§ Task prompt
Pictures should be left out when the listing below is repeated word for word.

§ Dataset content
------------------------------------------------

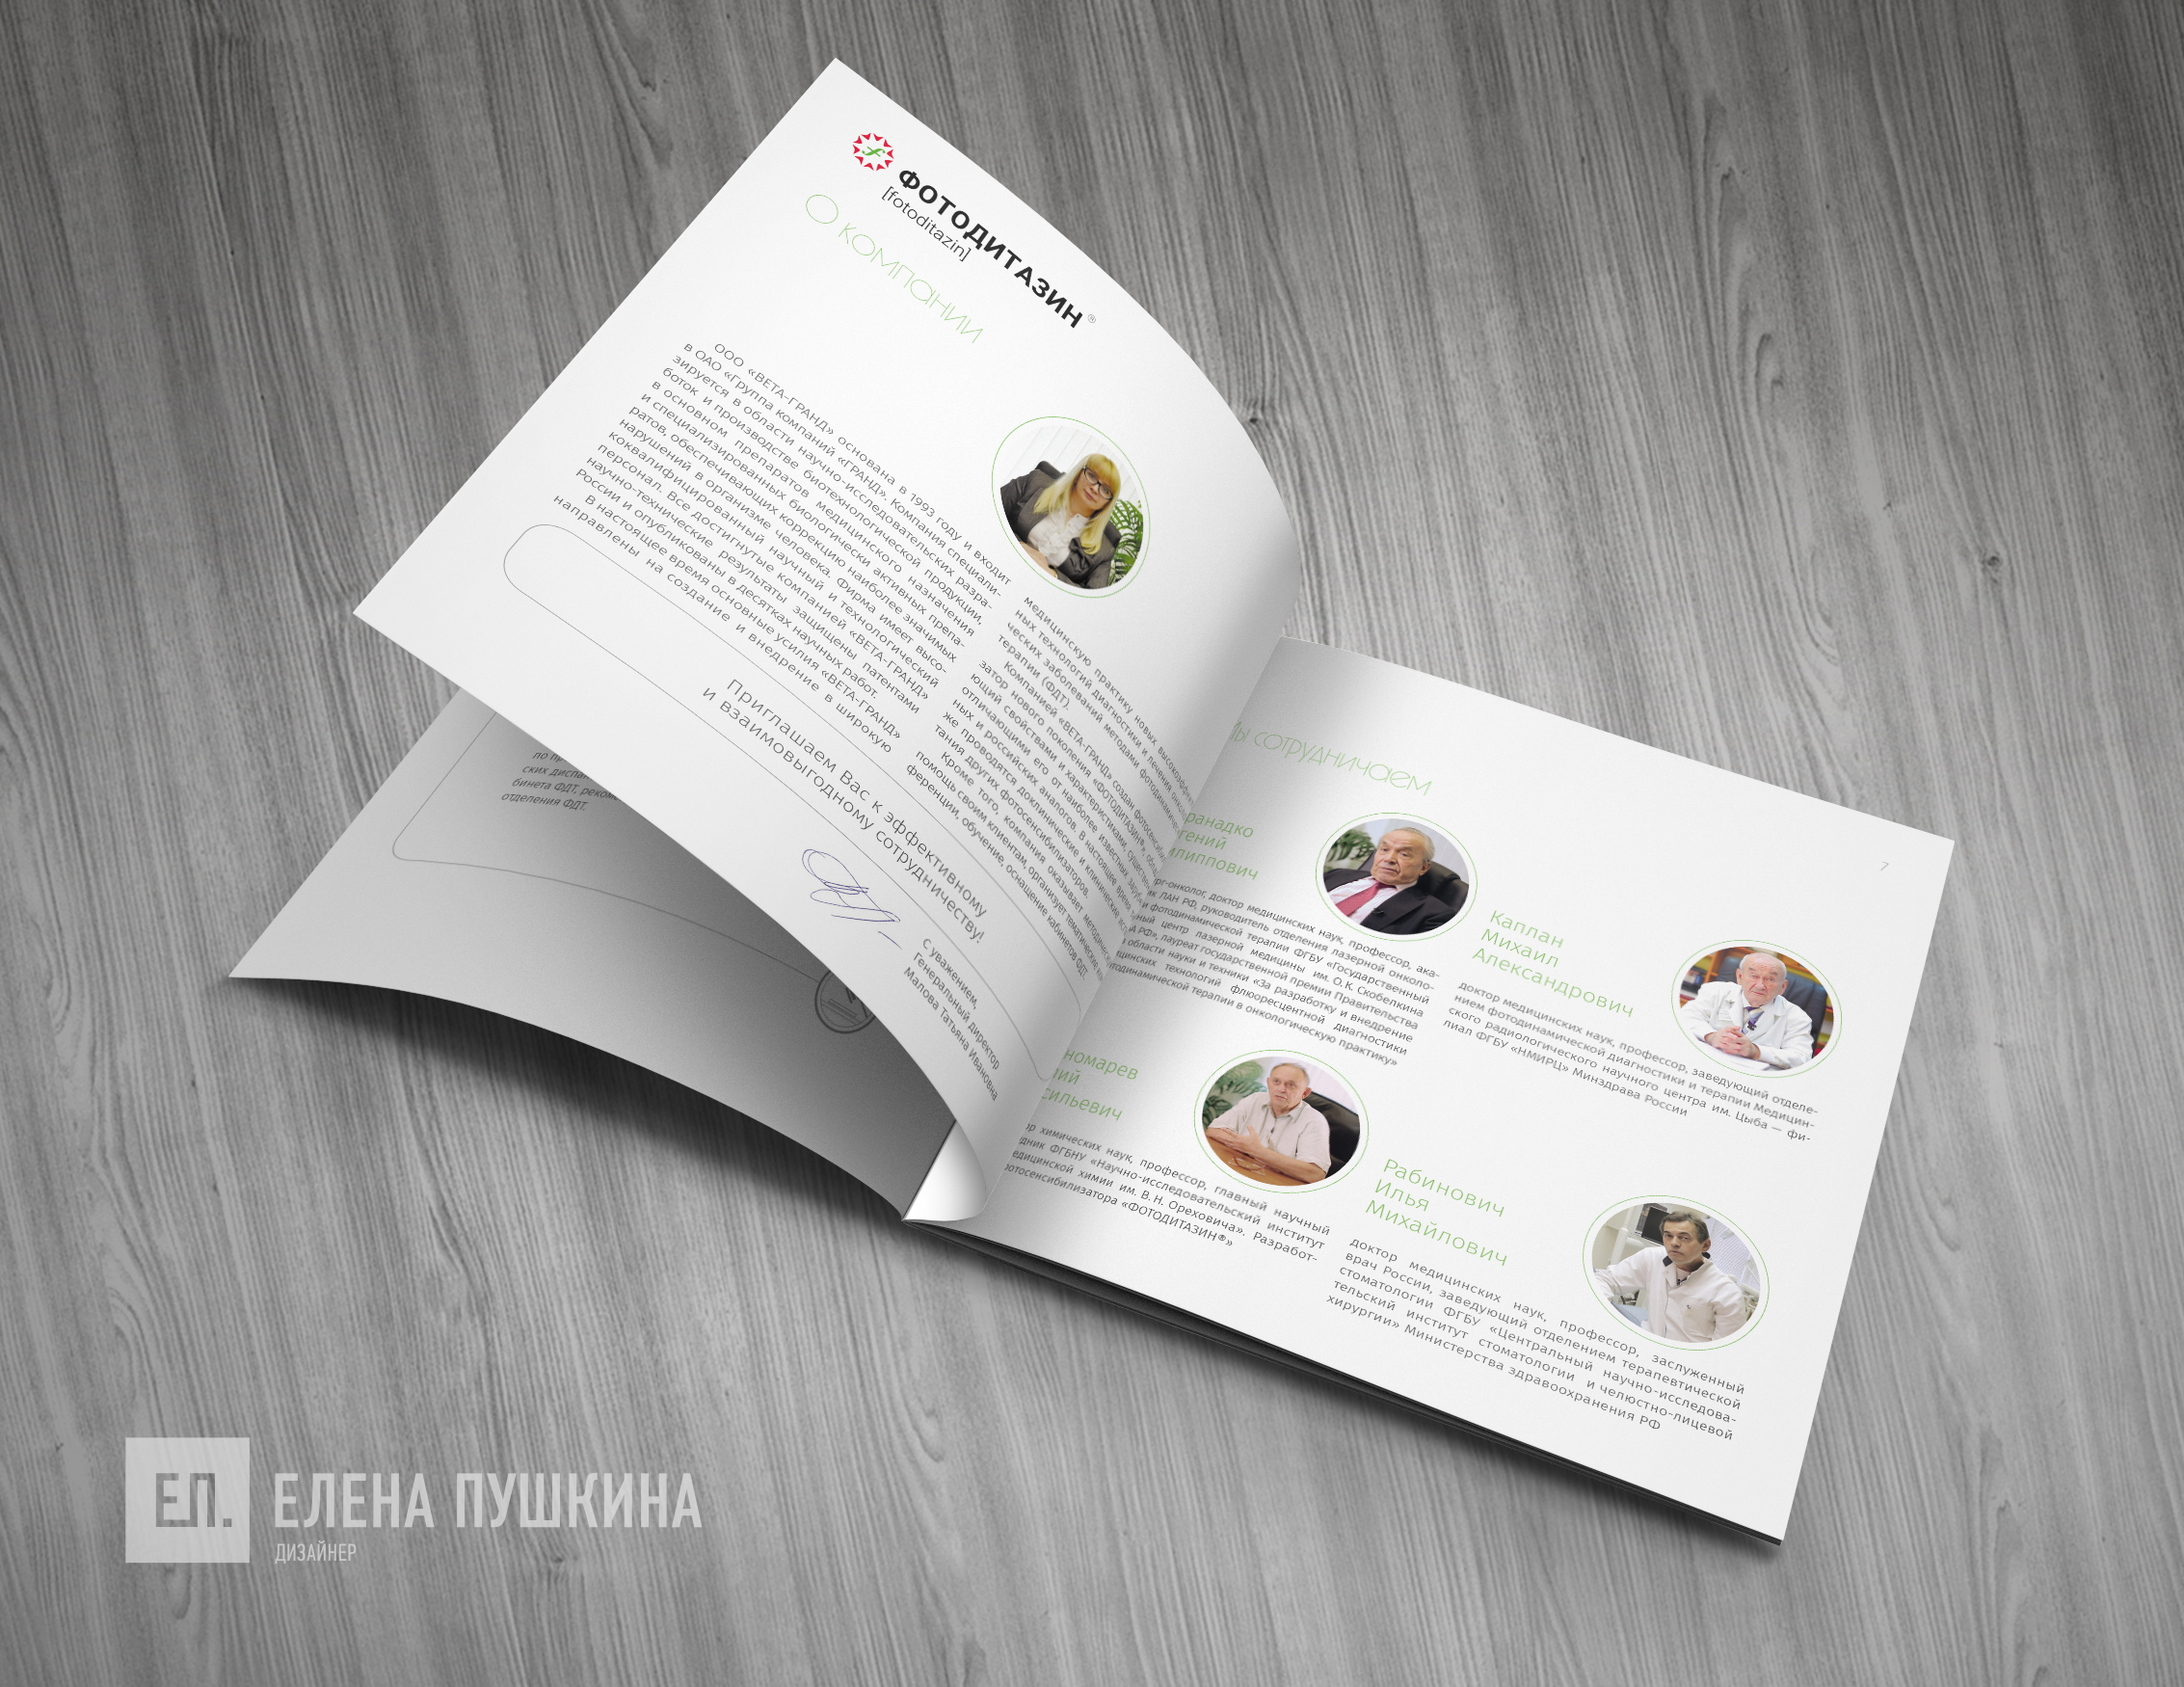 Рекламная брошюра ТМ «ФОТОДИТАЗИН» — дизайн с «нуля» обложки, макета, инфографики и вёрстка брошюры Дизайн каталогов Портфолио
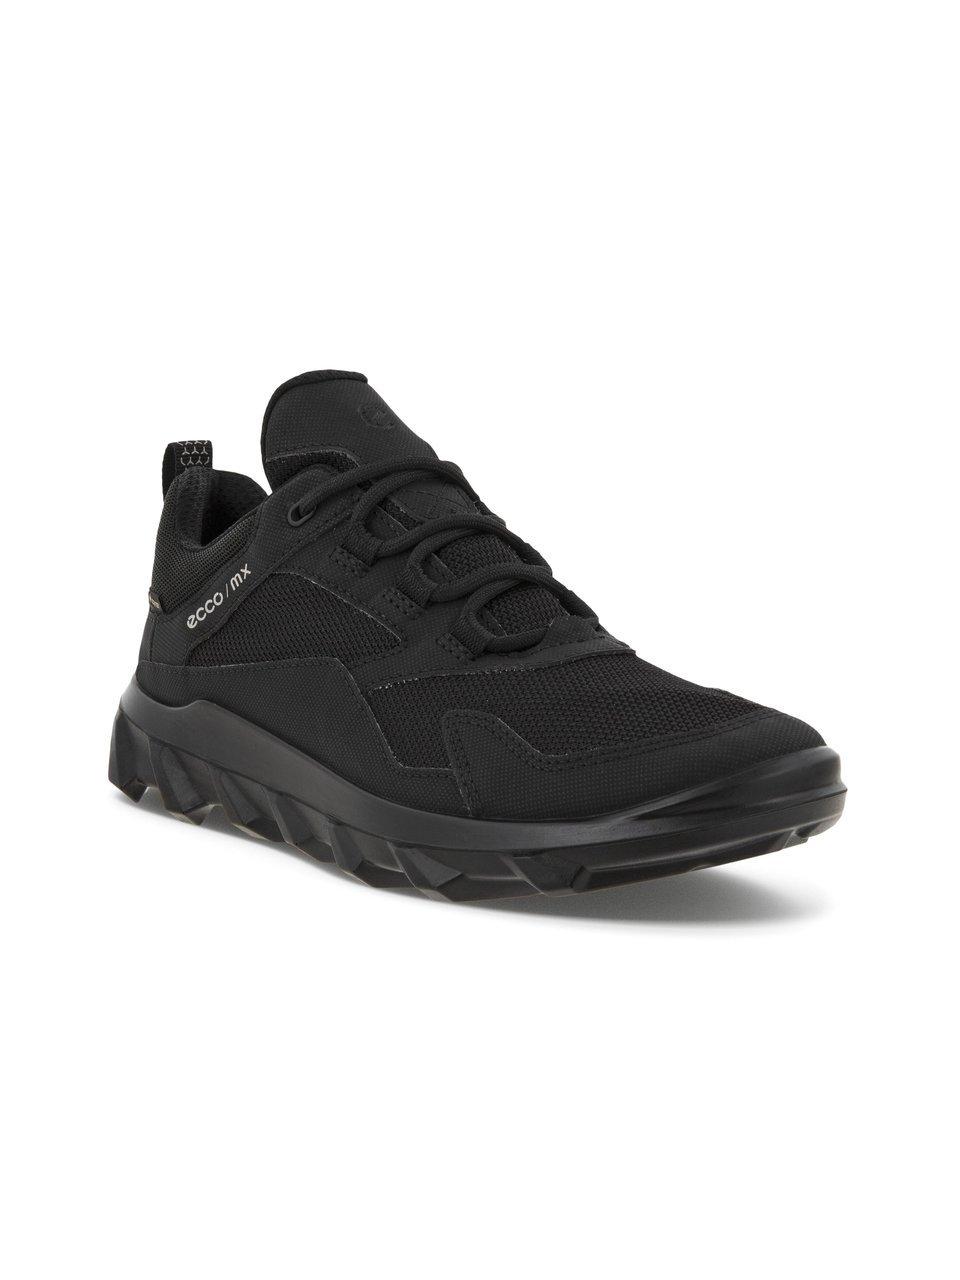 Ecco MX low GTX Sneakers zwart Synthetisch - Dames - Maat 40
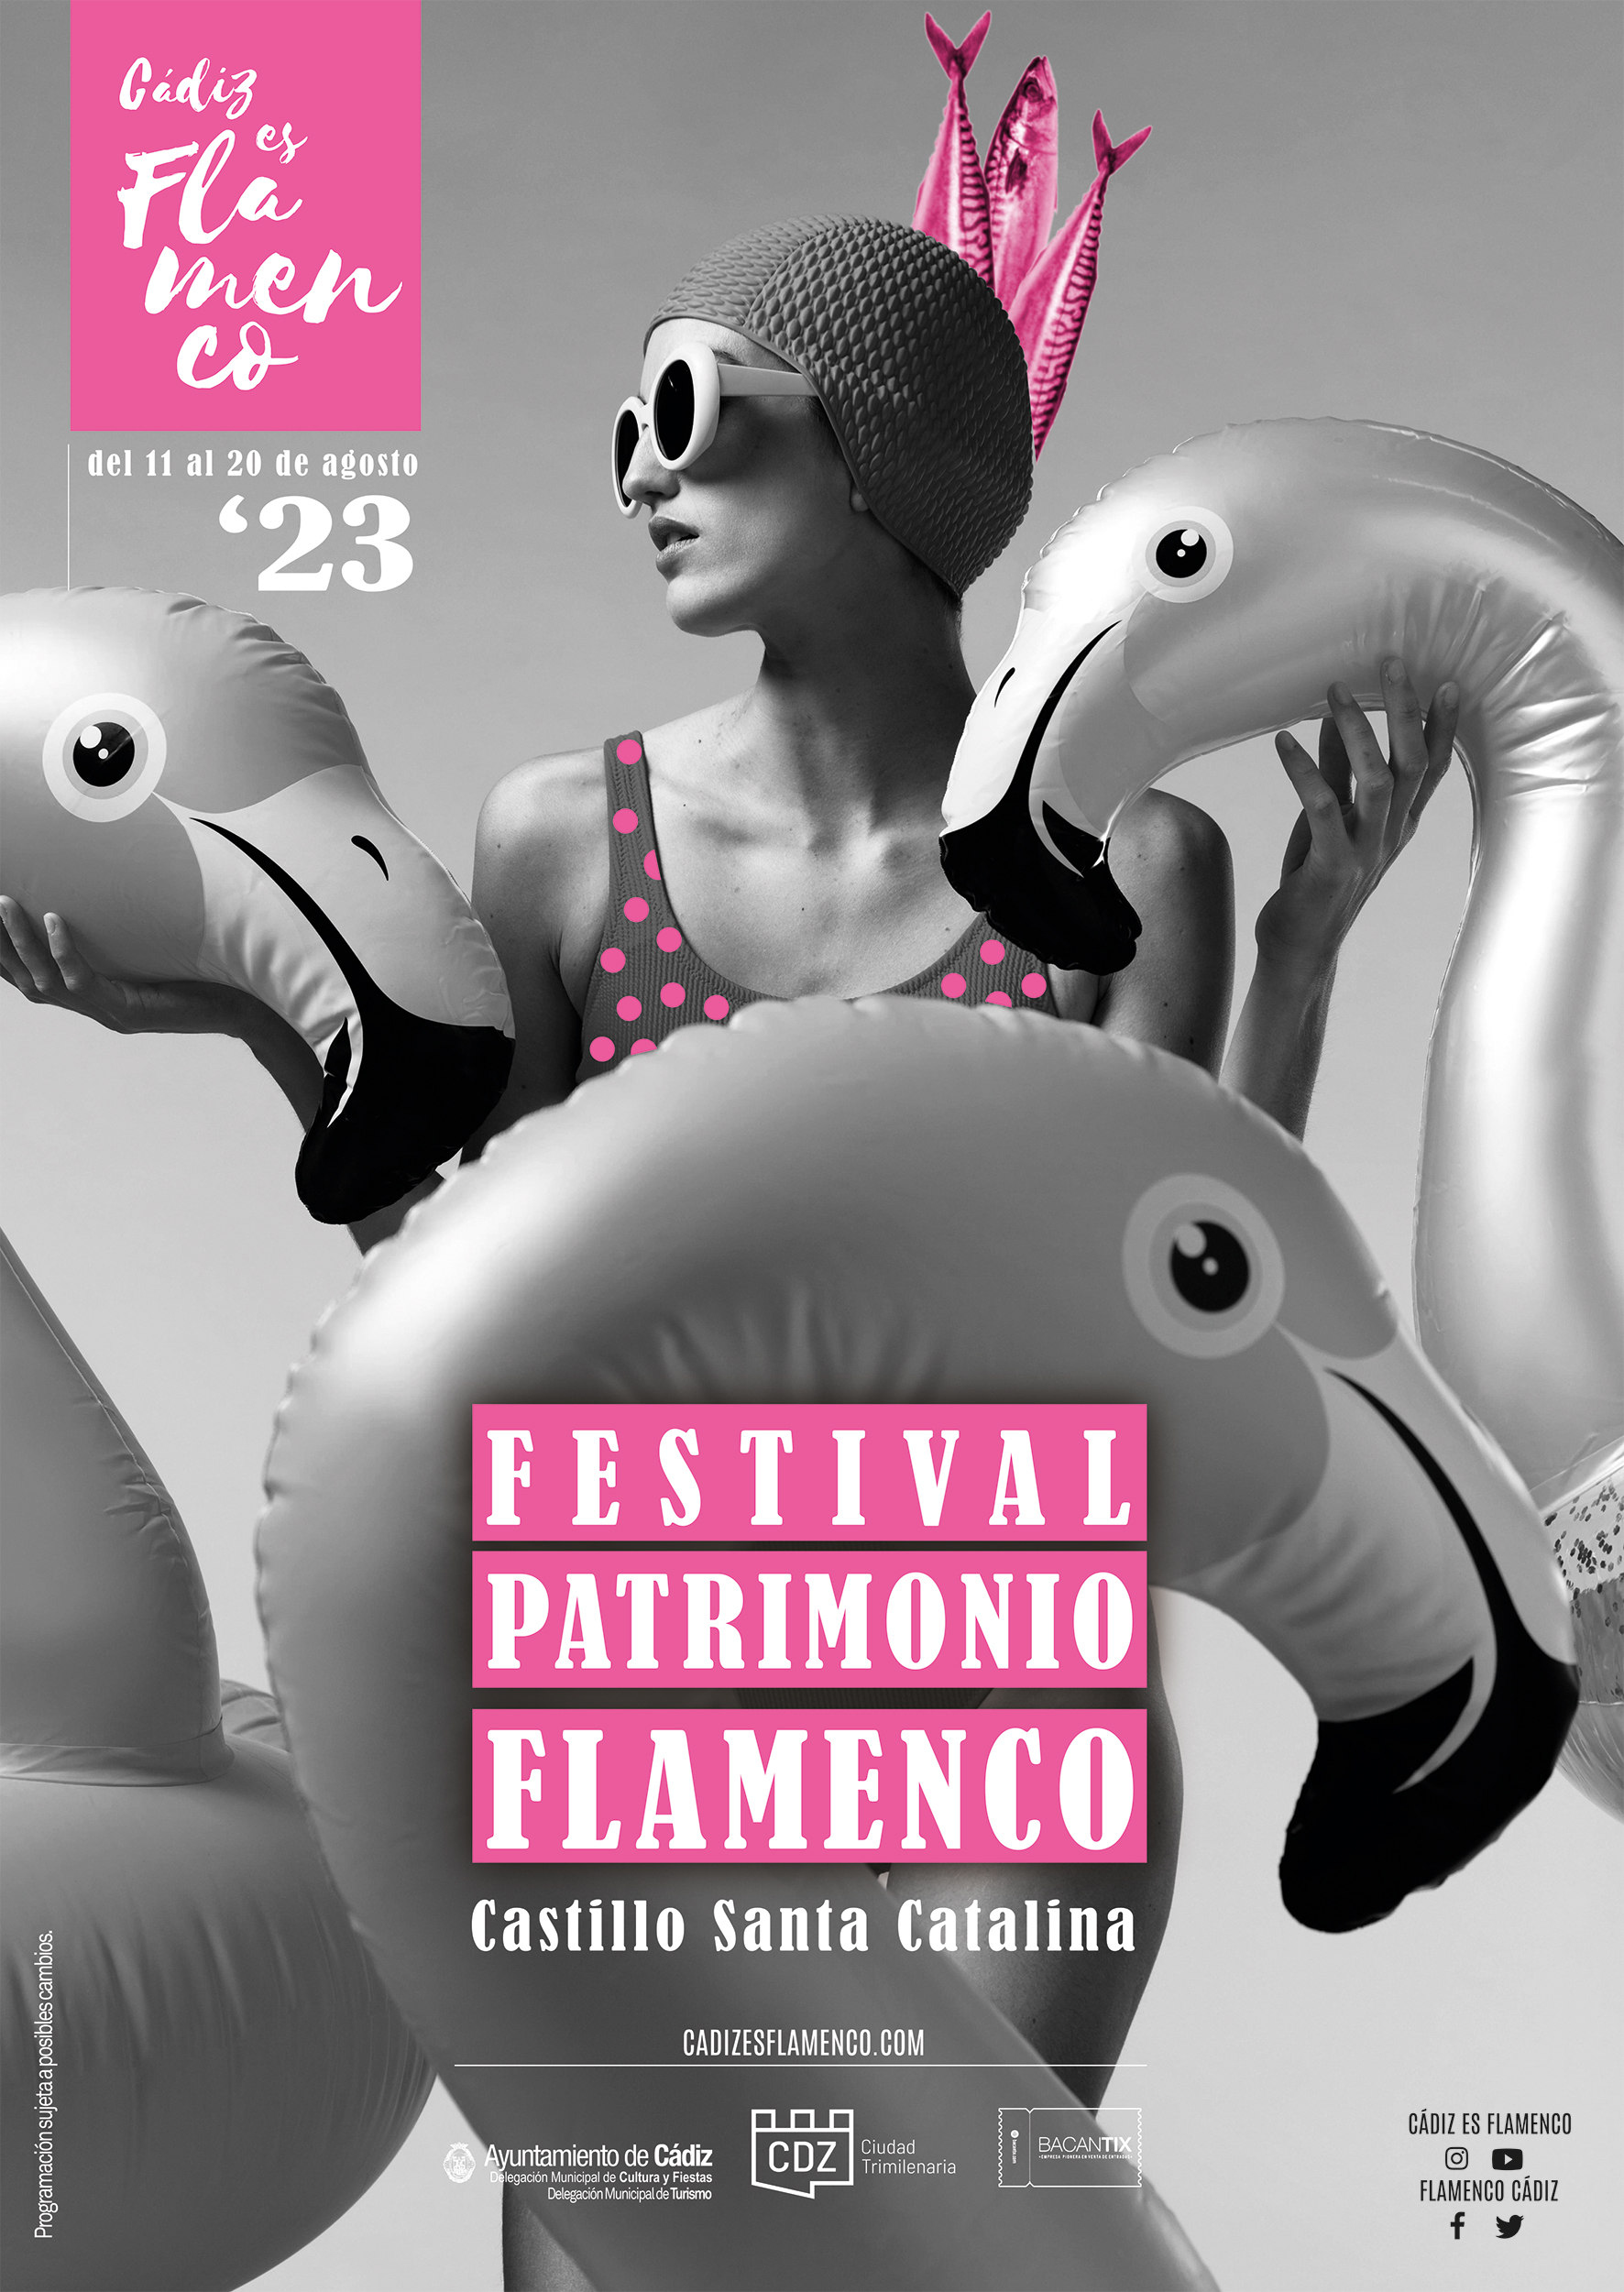 Festival Patrimonio Flamenco Cádiz, del 11 al 20 de agosto, en el Castillo de Santa Catalina

------------------------------------------------

§ Written solution
 Рекламная брошюра ТМ «ФОТОДИТАЗИН» — дизайн с «нуля» обложки, макета, инфографики и вёрстка брошюры Дизайн каталогов Портфолио
 Ecco MX low GTX Sneakers zwart Synthetisch - Dames - Maat 40
 Festival Patrimonio Flamenco Cádiz, del 11 al 20 de agosto, en el Castillo de Santa Catalina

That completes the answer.